Do people actually use Docker and Ansible a lot for ML???
Doing something custom on top of the GPU is also not much different on Windows, than Linux. CUDA is basically the same. OpenCL and Vulkan are available too.
I'd like to hear perspective of a person, who actually does ML specifically on Linux for some reason.
The reason to use Linux is to follow the crowd. I use Nvidia's docker container because the plurality of devs use it. Over the course of my career I've found that well-trodden paths tend to have a _lot_ fewer bugs thanks to other people finding them first, and when I do get some
I don't have to spend time explaining or justifying or isolating my setup.
Conversely though, my work is itself off the beaten path enough that I'm likely to run into weird bugs. If I was pushing images through a CNN, that'd be well-trodden enough on every platform that I'd be a lot less fussed about which particular platform I use.
Well CUDA is only one thing. Especially in the python environment it's only a matter for time before you run in some wierd dependency issue that is Windows only. For example, getting XGBoost completely up and running on Windows requires you to either build it yourself or download a .dll from a university link. Installing it on Linux is just a proper pip install.
Also windows not having a build in C compiler makes you dependent on the horribly convoluted Visual Basic stack that seems to have a lot of dependencies for some python ML libraries. Docker makes it a lot better to run and I almost always deploy in a docker container because the ML modules I deliver are often interacted with as a black box with a REST API on top.
It looks like Anaconda supports XGBoost on Windows.
You might be right about C compiler. But something itched when you mentioned Docker. Could getting Windows SDK installed be harder, than installing Docker?
I just use chocolatey for that
> choco install windows-sdk-10.0
That being said I had to avoid installing VS 2019 for quite awhile because Node.js native module build chain couldn't work with it. There are complexities
Things like filename limits and command length limits seem to get hit on windows way more frequently, making all code more fragile in general, and a million other little things.
Even popular libraries like zeromq don't support namedpipes on windows because of how complicated they are and how different to everywhere else.

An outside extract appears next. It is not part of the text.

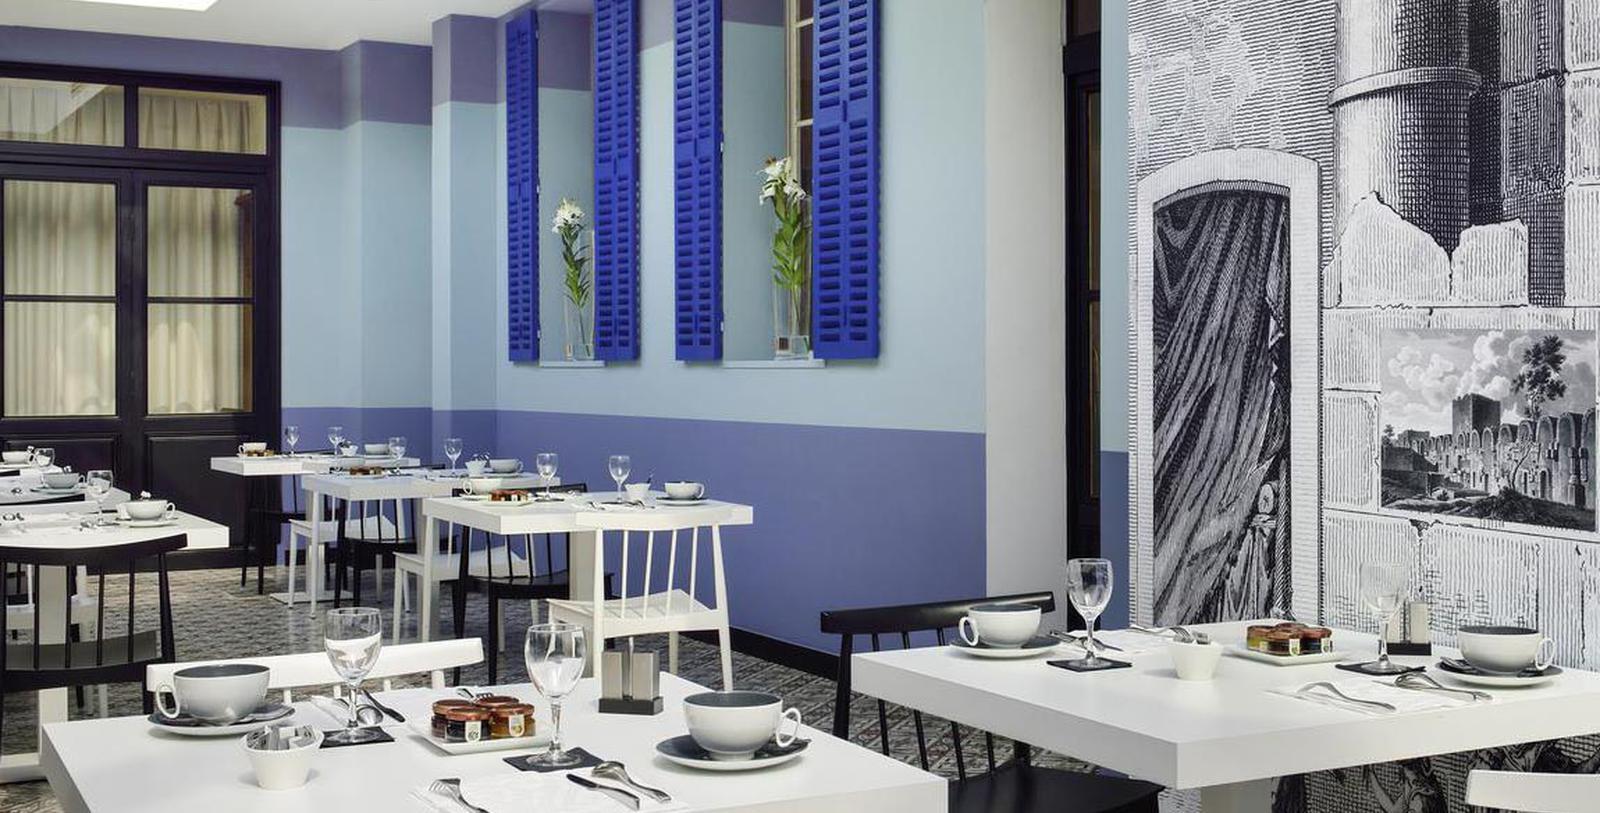 Image of Dining Area Hôtel & Spa Jules César Arles – MGallery by Sofitel, 1661, Member of Historic Hotels Worldwide, in Arles, France, Taste
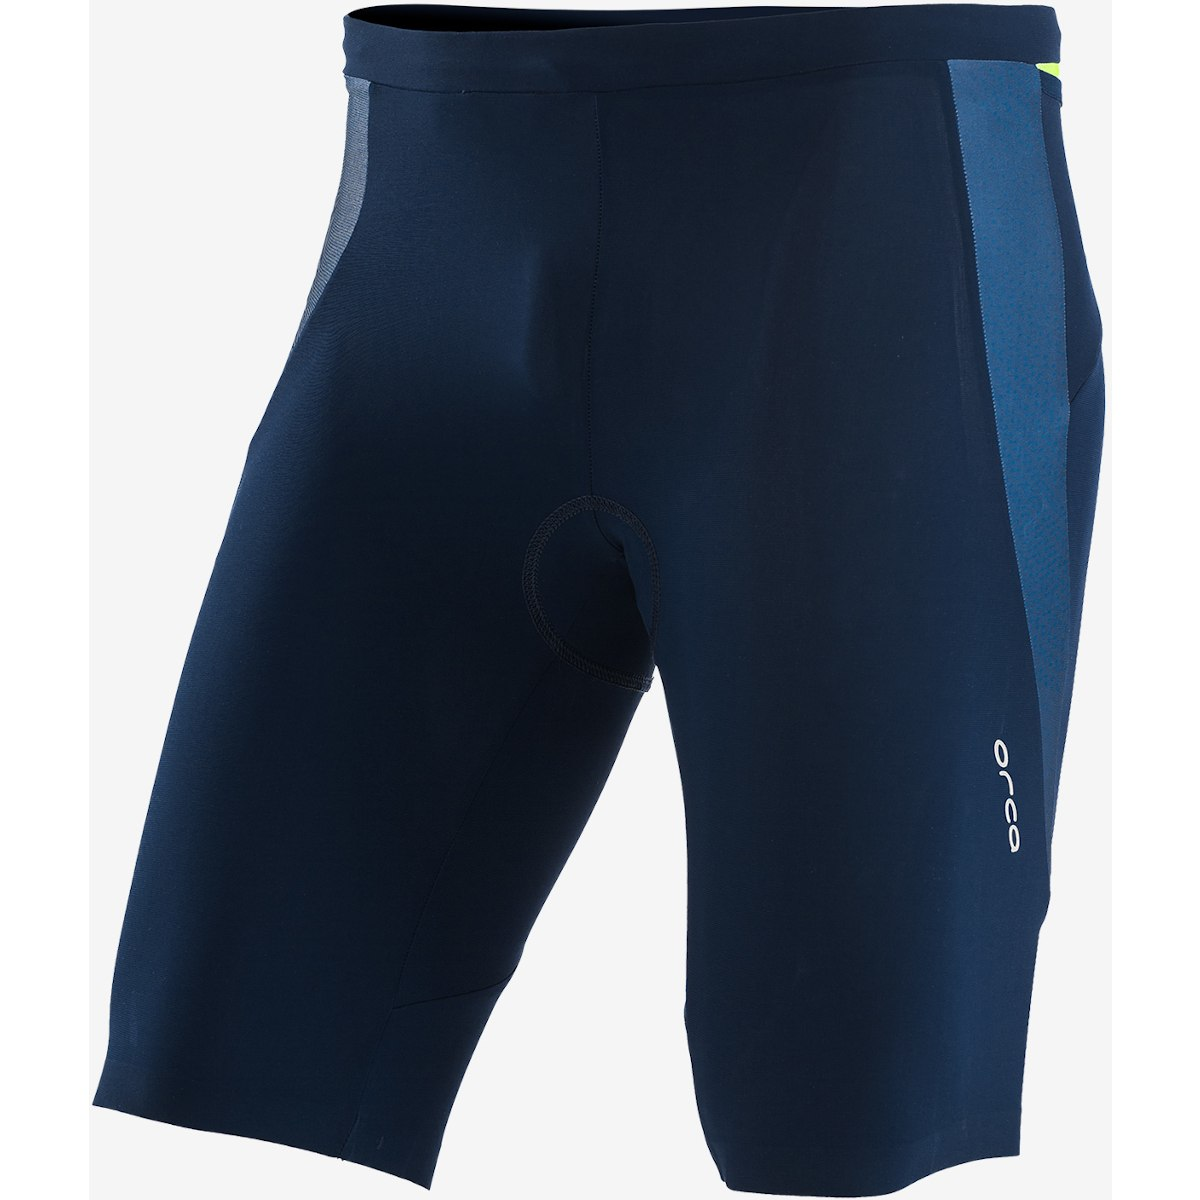 Foto de Orca 226 Kompress Tri Tech Pants Men - blue/green

Just determining what visual studio version is installed seems to trip up projects all the time.
Mostly doing several kinds of NLP:
My actual setup is a Windows Laptop to SSH into Linux machines w/ tmux session. However, I really appreciate WSL for working offline, etc.
My main reason: It is the most convenient way to have Unix tools (grep/sort/cut/sed/less/...) and bash available. Cygwin always was a pain, MinGW / GitBash felt much better, but ultimately WSL just feels best.
These tools are incredibly valuable to my workflow. Sure, stuff like pandas can be nice for small datasets, and some data sits in some DB/Kafka/distributed system. But there have been countless cases where unix tools allowed me to take xxGB zpfiles of text and do basic examination or even build baseline models within a few hours.
Sure, there always are alternatives to use these tools and there are many equivalents. But I would always prefer WSL + conda for Linux to a typical "Windows Conda" installation with that weird GUI and the need to install so many different applications to even just look into the first or last few lines of a huge textfile.
EDIT: That said, of course I can/could always just run a juypter notebook under windows using windows cuda + GPU and share files with a WSL bash where I do my modifications. But again, everything within the same systems just feels better (ipython shell magic, no worries about if paths to the same file are really identical, etc) and while this is by no means a game-changer, it is just nicer that way.
I do all of my development on linux, if I can, but to be honest the GPU support is generally better on windows because that seems to be the main platform AMD and NVIDIA target - though linux support is not too bad. GPU support is the only potential benefit in using windows that I can think of though. Everything from package management, to build tools, FOSS support, community, troubleshooting, etc. is generally better on linux.
Doing something custom on top of the GPU is also not much different on Windows, than Linux. CUDA is basically the same. OpenCL and Vulkan are available too.
I'd like to hear perspective of a person, who actually does ML specifically on Linux for some reason.